The homogenization of our lived experience in the city, the disappearance of variegated and unexpected interactions with shopkeepers and members of the community, the sensation of being a regular somewhere (that isn’t a bar), where the owner actually knows something about your life and you feel a moral obligation to try as hard as you individually can to keep them in business, these are phenomena that have been lost in almost all of Manhattan. So when real estate brokers try to sell you on the gritty aspect of a neighborhood, what they are really trying to say, without them really understanding it of course, is that the place actually retains a semblance of the Real. There remains a possibility for types of human interactions to occur that aren’t choreographed by late-capitalistic tropes of social exchange, but rather that anything could happen, that someone could say something that might catch you off guard and make you think twice about who you really are. Of course it also means that someone might try to invoke a localized spirit of communism and redistribute whatever possessions happen to be on your person amongst his or her socio-economic peer group.
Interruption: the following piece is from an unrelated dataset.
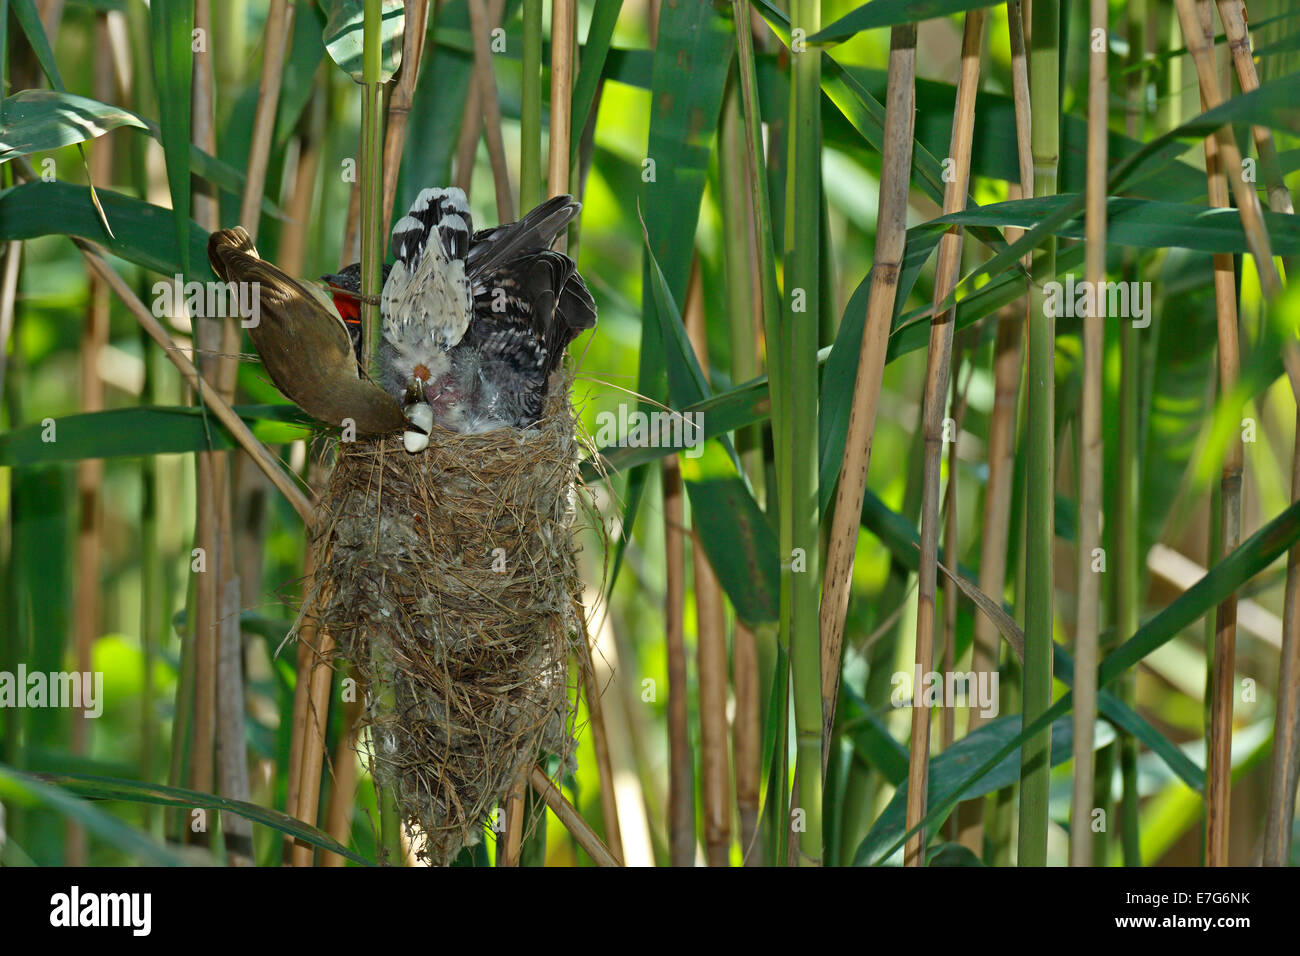 Un Reed Warbler (Acrocephalus scirpaceus) prend l'excrément un coucou (Cuculus canorus), jeune oiseau, oiseau de l'hôte pour le coucou Banque D'Images

You take the good with the bad I suppose.
People aren’t stupid; they understand what has happened, but no one has codified the history as of yet. For those who refuse to allow themselves to be defined by the market, to be essentialized as a particular class and type of consumer, then the New York City that has emerged out of the 1970’s and 80’s is truly terrifying. The wealthy have little to fear from this emerging urban simulacrum, however, and are probably just enjoying it as much as it was originally planned for them. For those of us, however, whose rent is some obscenely high proportion of their income, or who are levied with a bicycle traffic ticket worth one week’s pay, these are trying times indeed.